Most of Goldin’s notable work gets the spotlight treatment, of course, as does the low points of her story. But by pinging back and forth between biography and reporting on her staunch fighting against the Sacklers, Poitras eventually collapses the distance between the two. Goldin’s success in the art world is a given as you enter All the Beauty and the Bloodshed, and if you’re up on current events, you know that the campaign to wake the art world up to the ethical ramifications of blood-money donations has its share of victories as well. Yet the intertwining is what makes this more than a time capsule or an icon origin story, and we see how the continuation of Goldin’s work through the click of a shutter extends to the world outside her frames. She was once determined to document her insular worlds. Now she’s dedicated to changing the world at large as well.

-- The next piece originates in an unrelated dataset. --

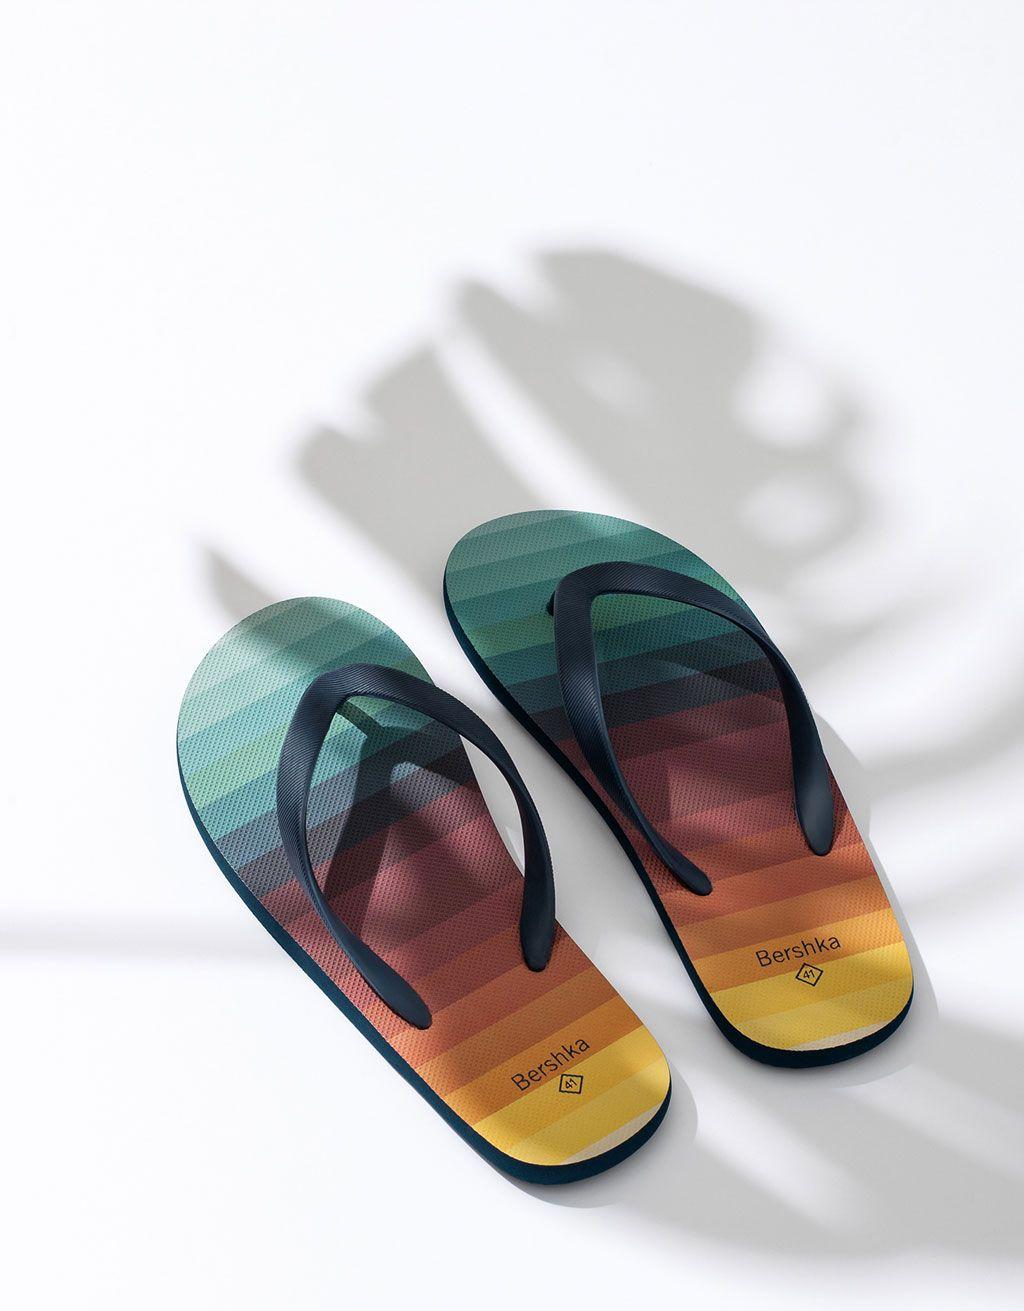 Thongs Sandals Comfort Slippers for Beach ALLAK Mens Flip-Flops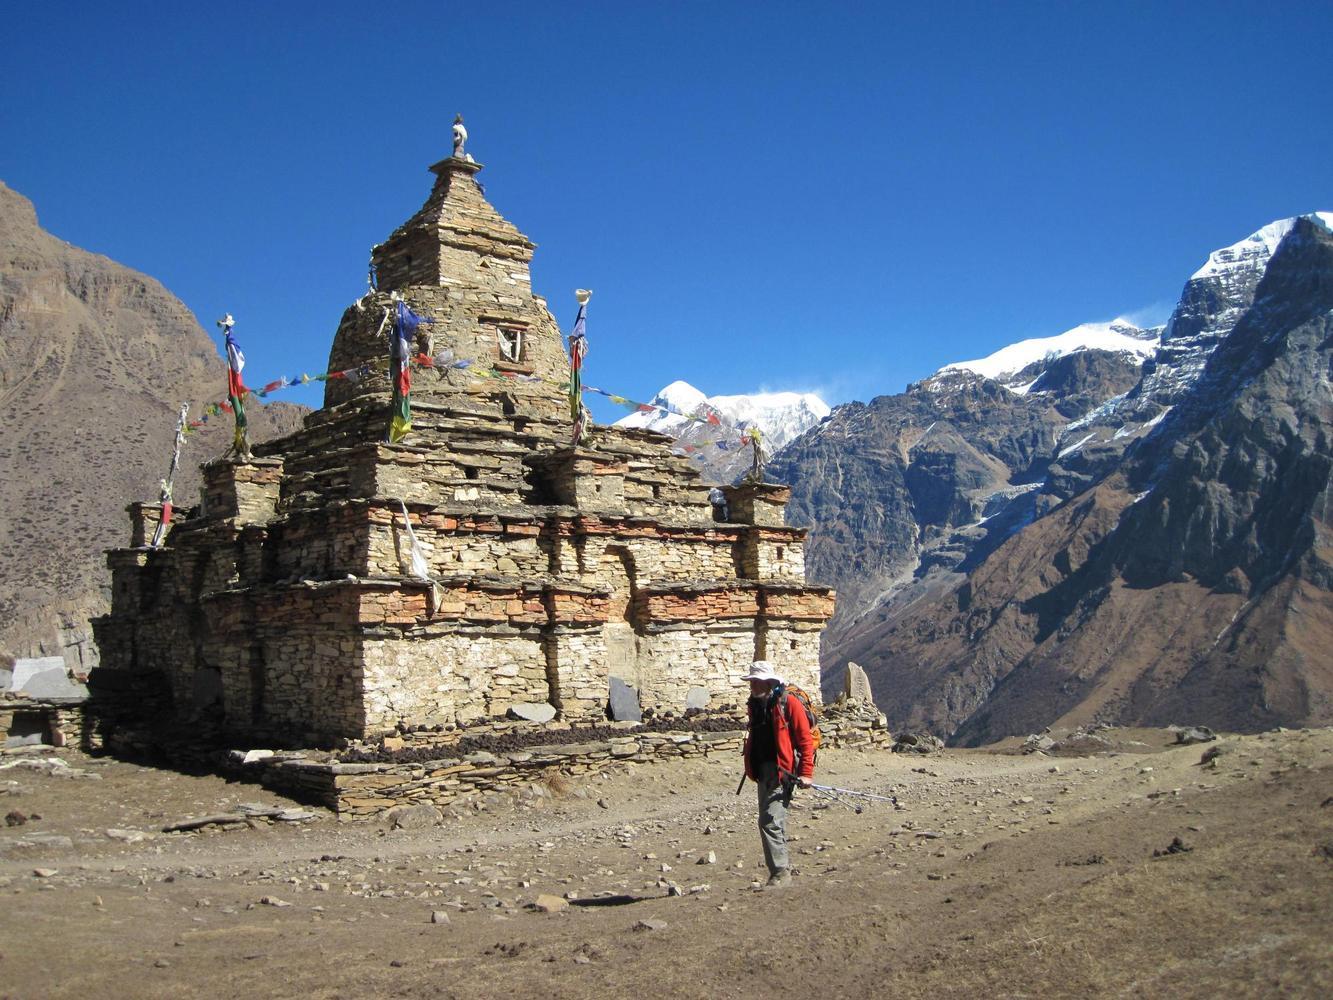 Chorten, vallee de Naar, Nepal - Jean-Luc Moreau

About that title: It comes from a quote in regards to Nan’s older sister, Barbara. A young woman who wrestled with her sexuality during the Eisenhower era, chafed against a culture of conformity and would take her own life when Nan was 11 years old, the phrase described how Barbara saw everything the world had to offer yet felt that she couldn’t find her place in any of it. We get the story of how the younger Goldin child admired her sibling and then dealt with the trauma of her loss early in the film. Then Poitras and her subject return to Barbara for the last chapter, and flesh her story out in the larger context of Nan’s then and now.
Suddenly, you see that Goldin has been raging against the machine for two all along, that decades of trying to show things how they really are and to make a place for square pegs may have kept her trying to numb herself, but also trying to obliterate boundaries. The protest isn’t new. The protest is the constant. Premiering in Toronto right on the heels of winning the grand prize at the Venice Film Festival, All the Beauty and the Bloodshed arguably became not just the documentary but thefilm of TIFF 2022; only Steven Spielberg’s The Fabelmans, another work dedicated to mining the past and righting old wrongs, came close to dominating as many conversations. More importantly, it entered the festival circuit as a politically charged take on the standard there-goeth-the-great-artist story and exited it as a peerless act of personal reclamation. I can’t shake the feeling of being shook by it. I can’t wait to see it again.